Ant control is among the most common pest issues we treat in Park Slope. Family-dense brownstone blocks and the restaurant corridors along Fifth and Seventh Avenues keep food-source pressure high year-round.
Ant control in Park Slope: what to know
Park Slope's signature brownstones and limestone row houses are beautiful and old — the same deep voids, shared walls and original plumbing that make them charming also make them prone to rodents, ants and cockroaches moving between floors and homes.
The neighbourhood's location on the edge of Prospect Park means added seasonal pressure from rodents, mosquitoes and ticks, and from outdoor ants foraging indoors in warm months.
Family-dense brownstone blocks and the restaurant corridors along Fifth and Seventh Avenues keep food-source pressure high year-round.
How much does carpenter ant & ant control cost in Park Slope?
$60–$500
National average: $150–$250 per visit (Angi). Typical single treatment: $80–$500 (small infestation). Bob Vila national range: $60–$215. Follow-up/retreatment visits: $40–$120.
US national figure — NYC typically runs higher.
Market range — not our quote
This is a market range synthesised from published cost guides — not a quote from this provider. The actual price depends on an in-person or photo-based inspection.

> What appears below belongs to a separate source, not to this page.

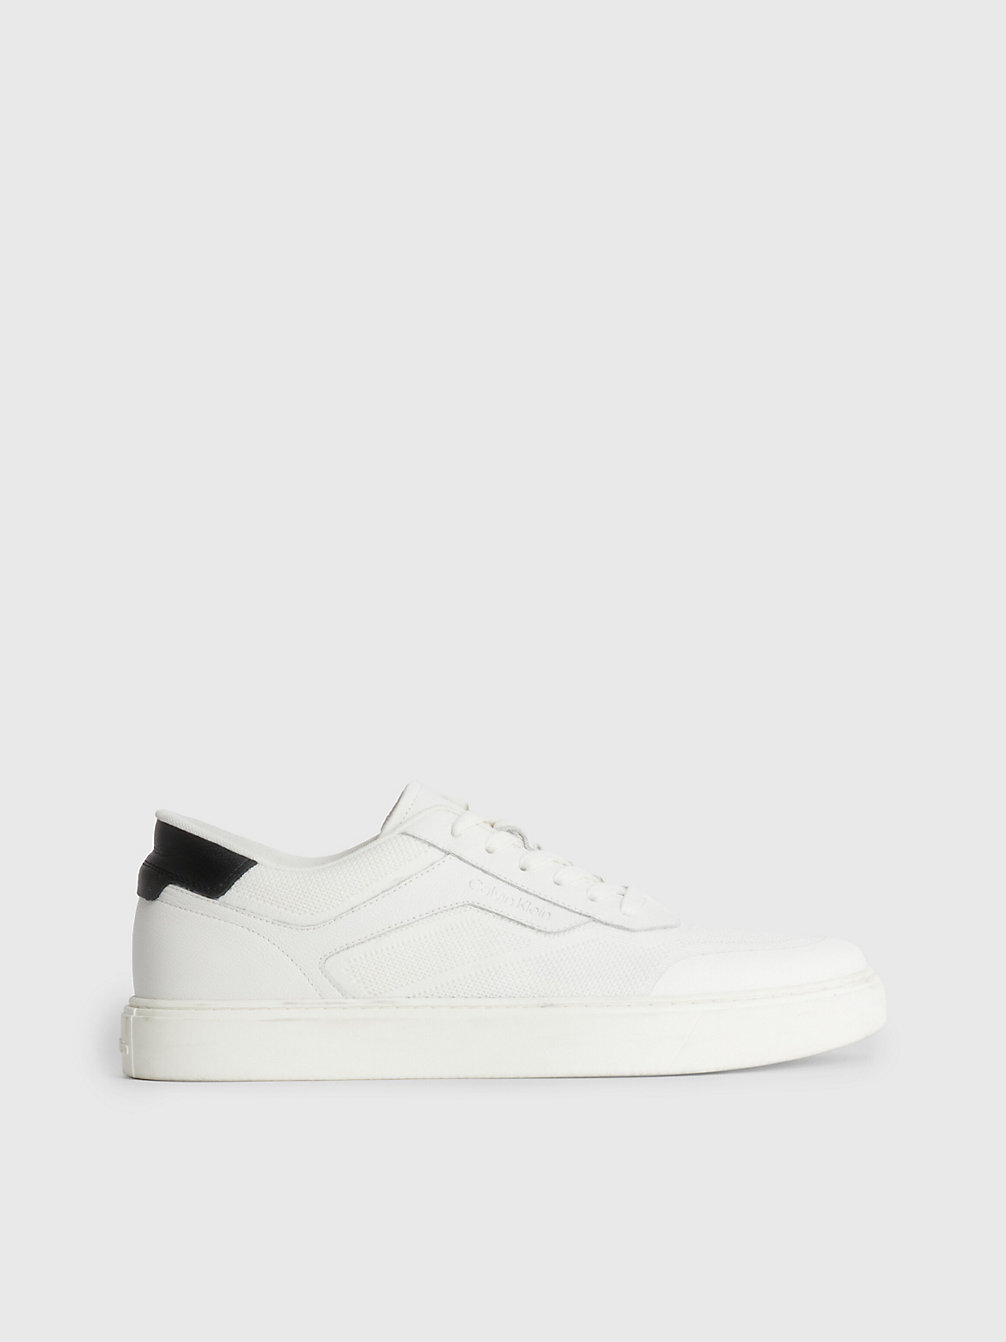 WHITE / BLACK Leather And Knit Trainers undefined men Calvin Klein

US national — NYC typically higher; no NYC-specific ant cost guide located, unlike bed bugs/rats/roaches.
What drives the price
- Infestation location (attic/basement/exterior walls cost more than kitchen/living space due to access difficulty)
- Severity
- Treatment method
- One-off vs follow-up retreatment
Signs you need ant control
- An ant trail entering around an old window frame or foundation crack, especially in a garden-level unit
- Ants concentrated near a specific baseboard gap or piece of original woodwork
- Trails that reappear after cleaning up the visible ants
- Activity that tracks with damp weather or a nearby moisture source
How we treat ant control in Park Slope
Brooklyn Heights' landmarked brownstones and row houses are among NYC's oldest housing stock, built with original wood framing, stone foundations, and window frames that have settled and gapped over more than a century. That settling is exactly what gives ants an entry route into garden-level and basement units in particular.
Deep baseboard gaps and original wood joinery — features of this historic construction that modern buildings don't have — mean an ant trail can run from an outdoor foraging site straight into a unit through a foundation crack or an old window frame, without much resistance.
Local landmarks & coverage
We serve all of Park Slope and the surrounding Brooklyn area — including Prospect Park, Fifth Avenue, Seventh Avenue, Grand Army Plaza — across ZIP codes 11215, 11217, 11218.